Studies also show that violent crime and property crime tend to rise together, suggesting that they are influenced by similar underlying conditions. Areas with high property crime often experience higher violent crime because both types of crime are associated with economic stress, limited access to resources, and reduced social cohesion. In Maryland, recent reports indicate that while some counties have seen declines in property crime over time, violent crime trends remain uneven, with sharp differences between counties and municipalities. This makes Maryland an important case study for examining how crime varies across jurisdictions and how factors like population size and property crime relate to violent crime rates.
References
Governor’s Office of Crime Control and Prevention. (2023). Maryland crime trends and statistics. State of Maryland. https://goccp.maryland.gov/data-and-reports/
Federal Bureau of Investigation. (2022). Uniform crime reporting (UCR) program. https://www.fbi.gov/services/cjis/ucr
Sampson, R. J., & Groves, W. B. (1989). Community structure and crime: Testing social-disorganization theory. American Journal of Sociology, 94(4), 774–802.
Conclusion
The two visualizations help explain patterns in violent crime across Maryland municipalities. For my second visualization, I originally planned to use Tableau, but it did not work the way I expected for showing relationships between multiple variables. I also briefly explored using GIS, but I realized that a map was not necessary for answering my research question. Instead, I chose a highcharter bubble chart, which better represents the relationship between crime rates and population.
In the first visualization, there is a clear positive relationship between violent crime and property crime across all three time periods. This means that municipalities with higher property crime rates generally also experience higher violent crime rates. One surprising result is that the 2016–present period shows lower overall crime rates compared to the earlier time periods. I expected crime to increase in more recent years, so this pattern was unexpected.

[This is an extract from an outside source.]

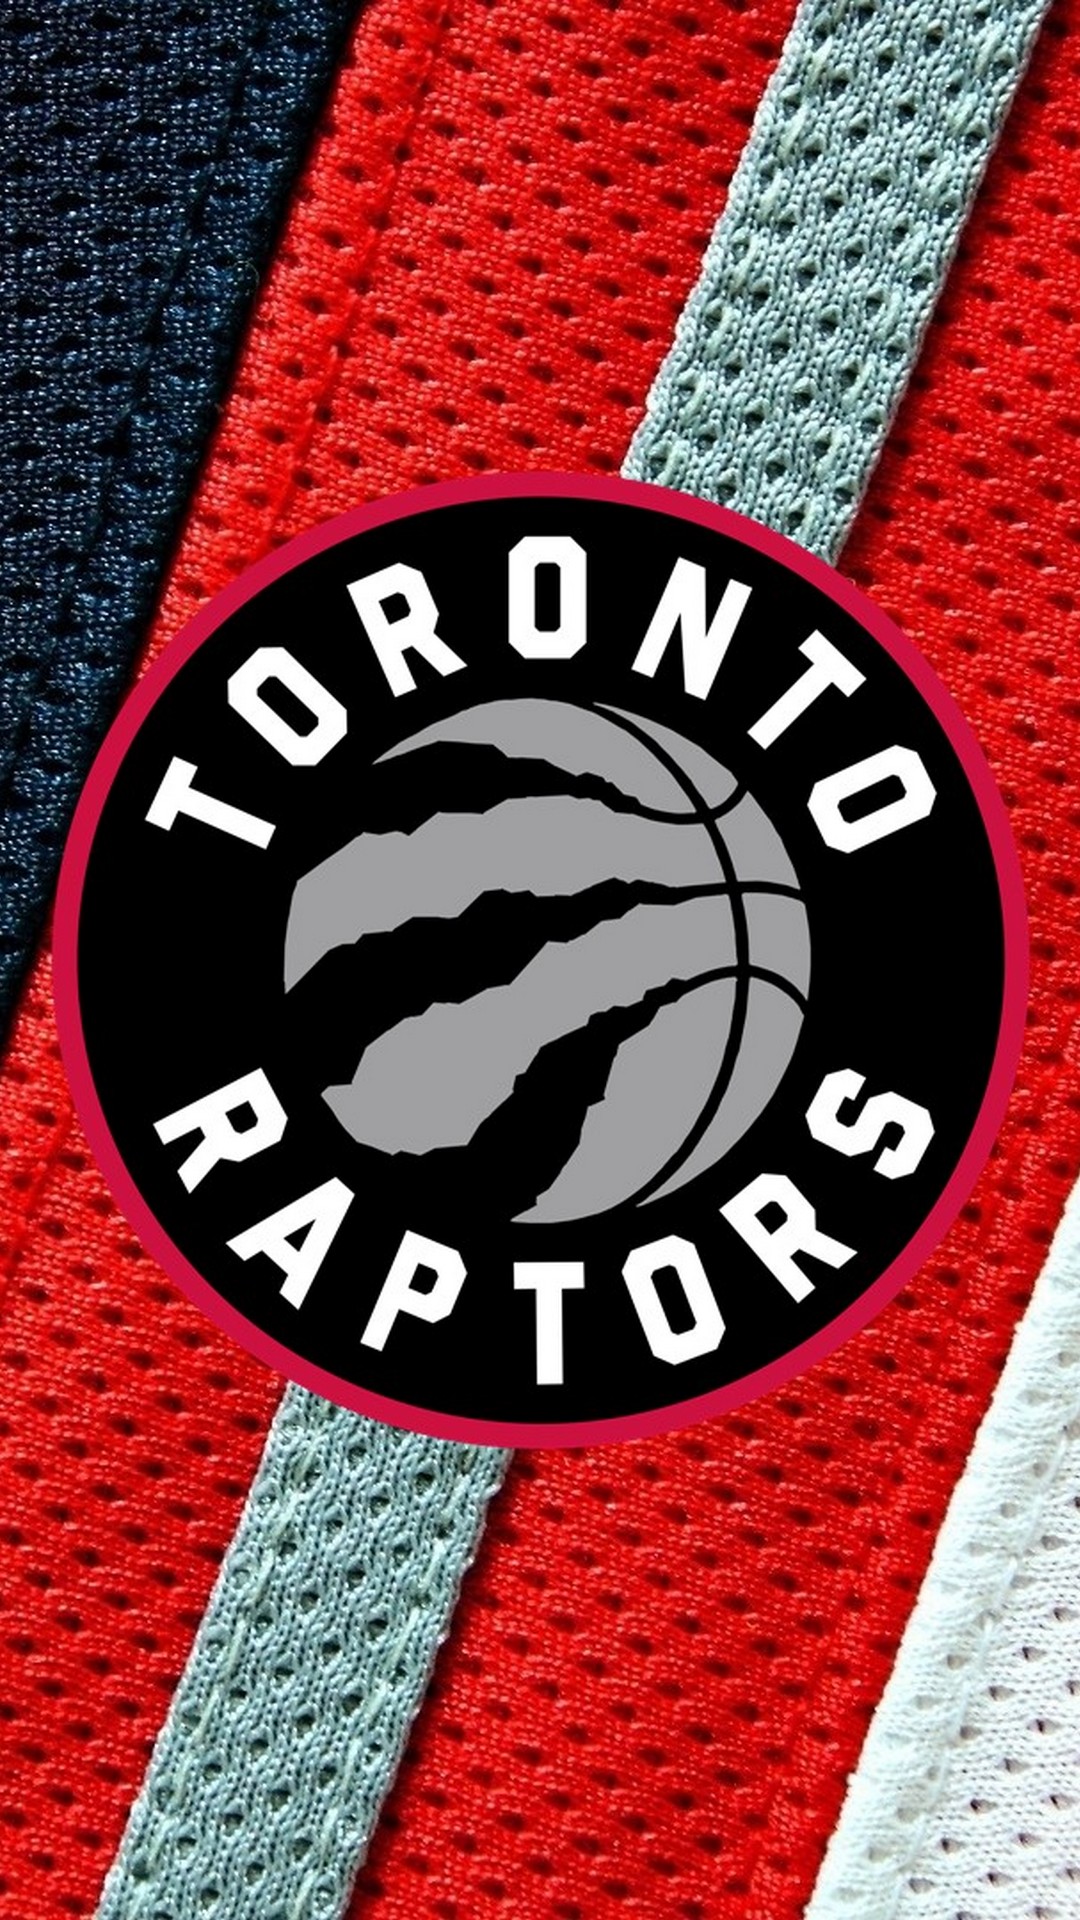 Mobile Wallpapers Toronto Raptors with image resolution 1080x1920 pixel. You can make this wallpaper for your iPhone 5, 6, 7, 8, X backgrounds, Mobile Screensaver, or iPad Lock Screen

The second visualization summarizes average crime rates by county. Bubble size represents population, making it easier to see how population relates to crime. Larger counties, especially Baltimore City, stand out with higher crime rates, while smaller and medium-sized counties cluster at lower levels. This shows that population plays a role, but it does not fully explain differences in crime across counties.Overall, these visualizations support the regression results and help illustrate crime trends across Maryland.